*Data below*:

========================================================================

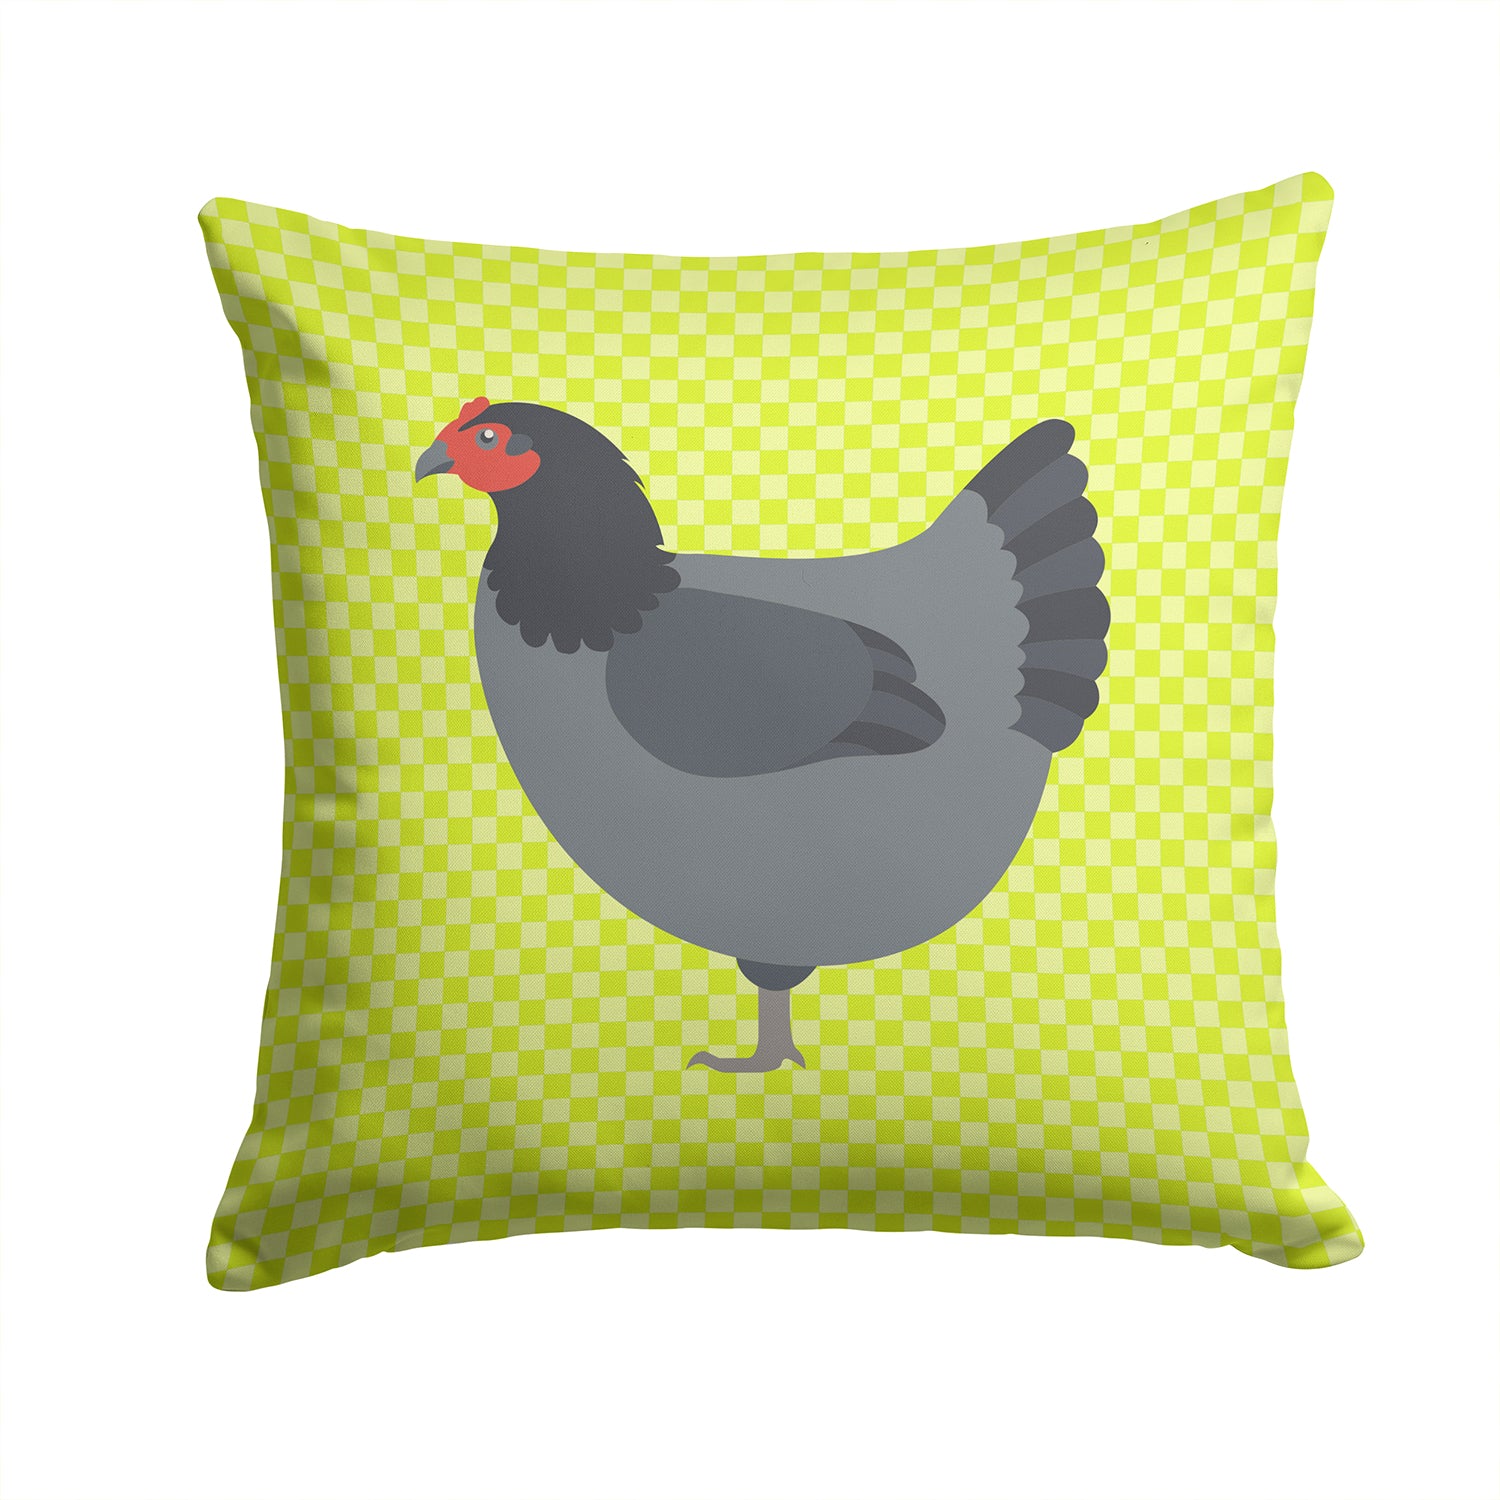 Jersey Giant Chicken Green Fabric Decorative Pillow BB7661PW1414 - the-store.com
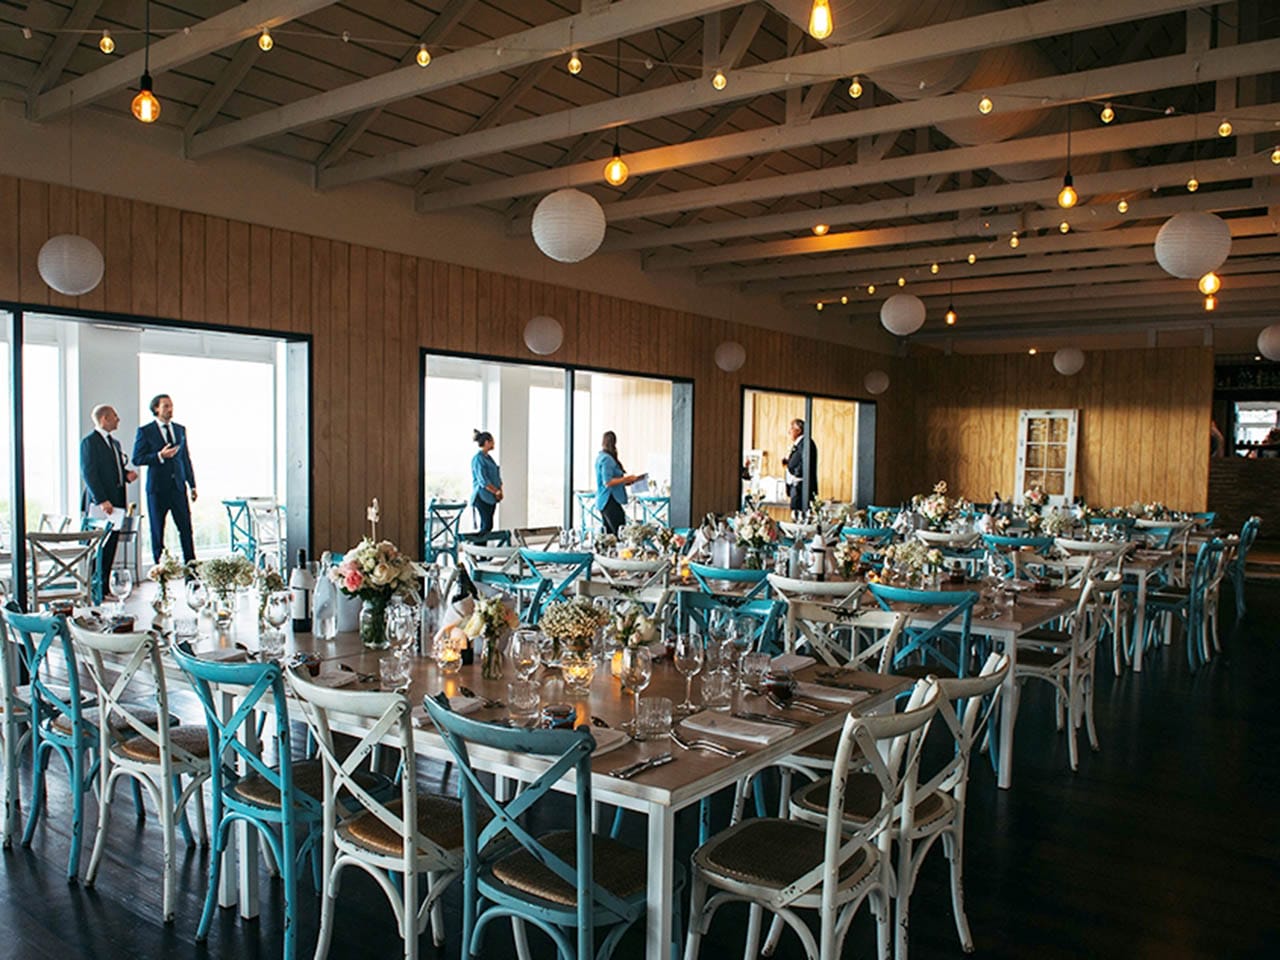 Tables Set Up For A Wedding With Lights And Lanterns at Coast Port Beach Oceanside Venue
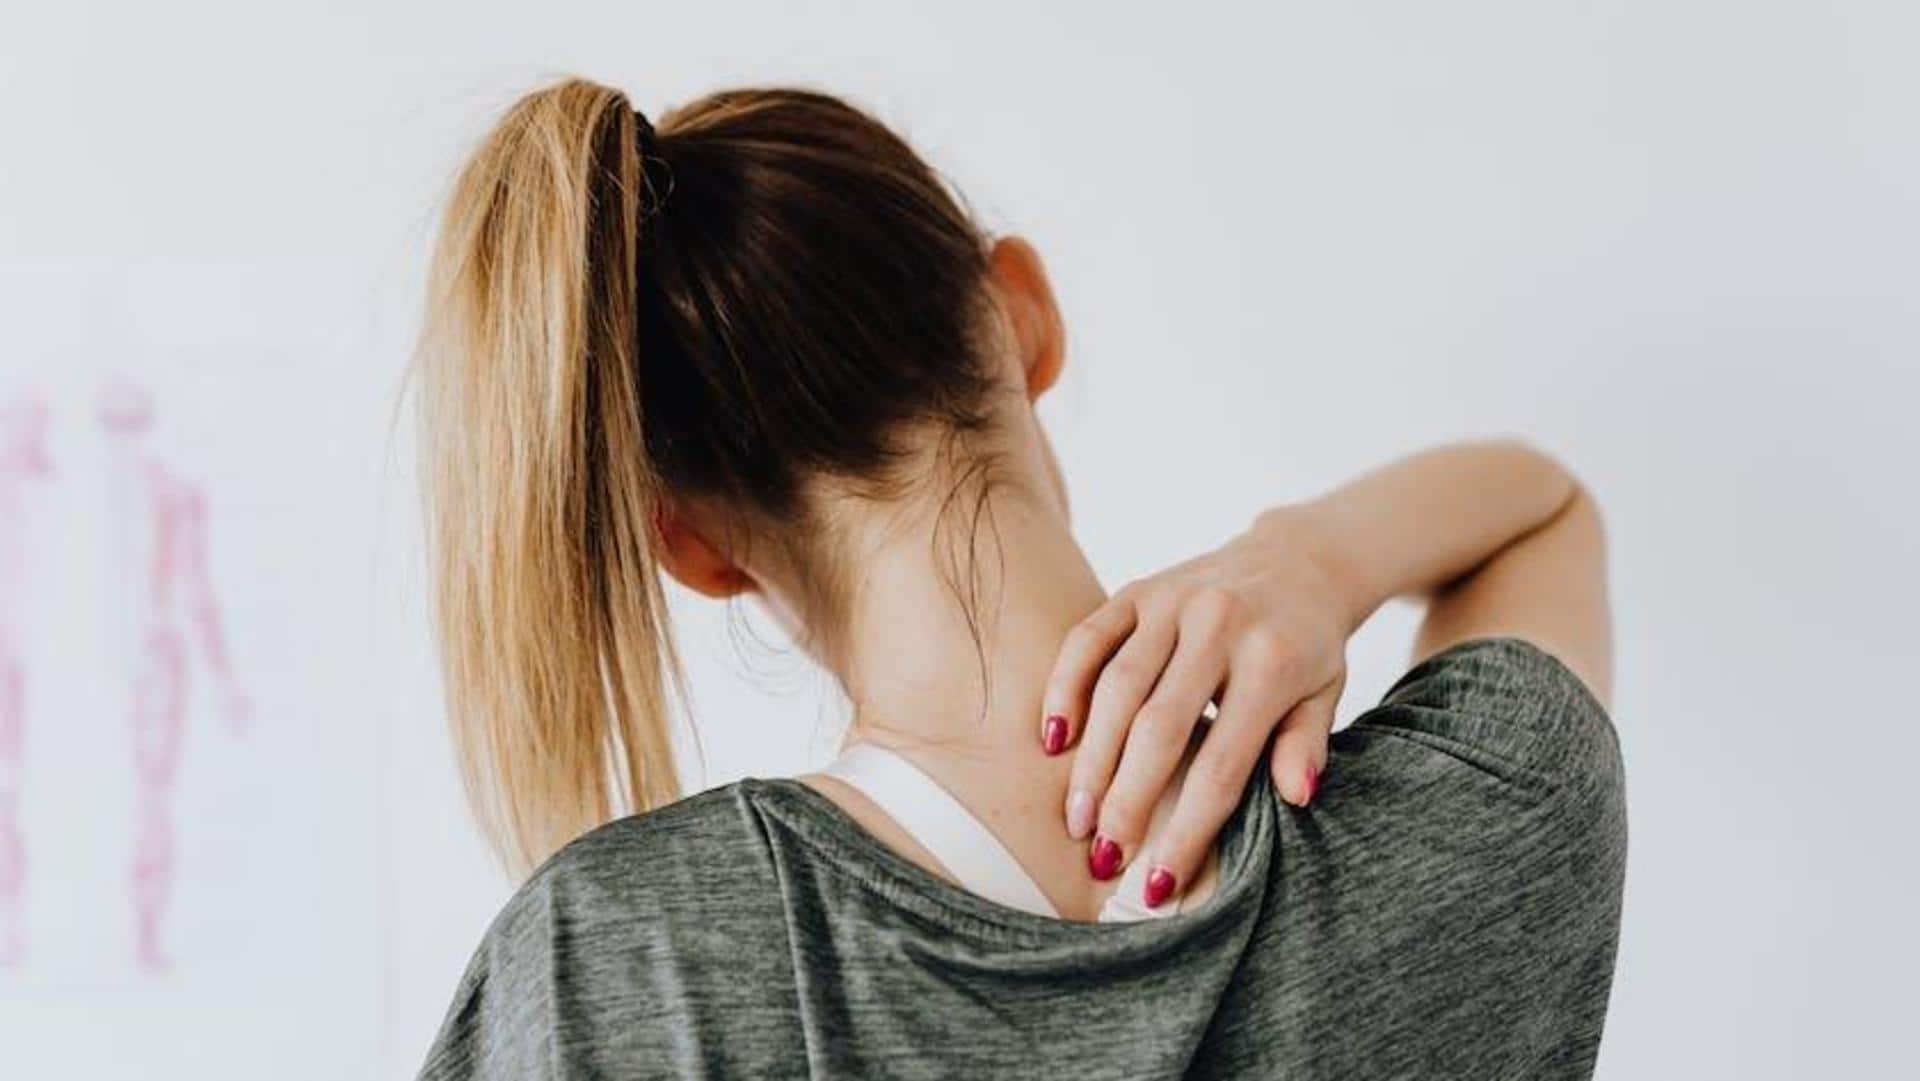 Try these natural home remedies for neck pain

========================================================================

*Work request*: Give back the material above exactly as written, but omit the images.

*Result*:
 Jersey Giant Chicken Green Fabric Decorative Pillow BB7661PW1414 - the-store.com
 Tables Set Up For A Wedding With Lights And Lanterns at Coast Port Beach Oceanside Venue
 Try these natural home remedies for neck pain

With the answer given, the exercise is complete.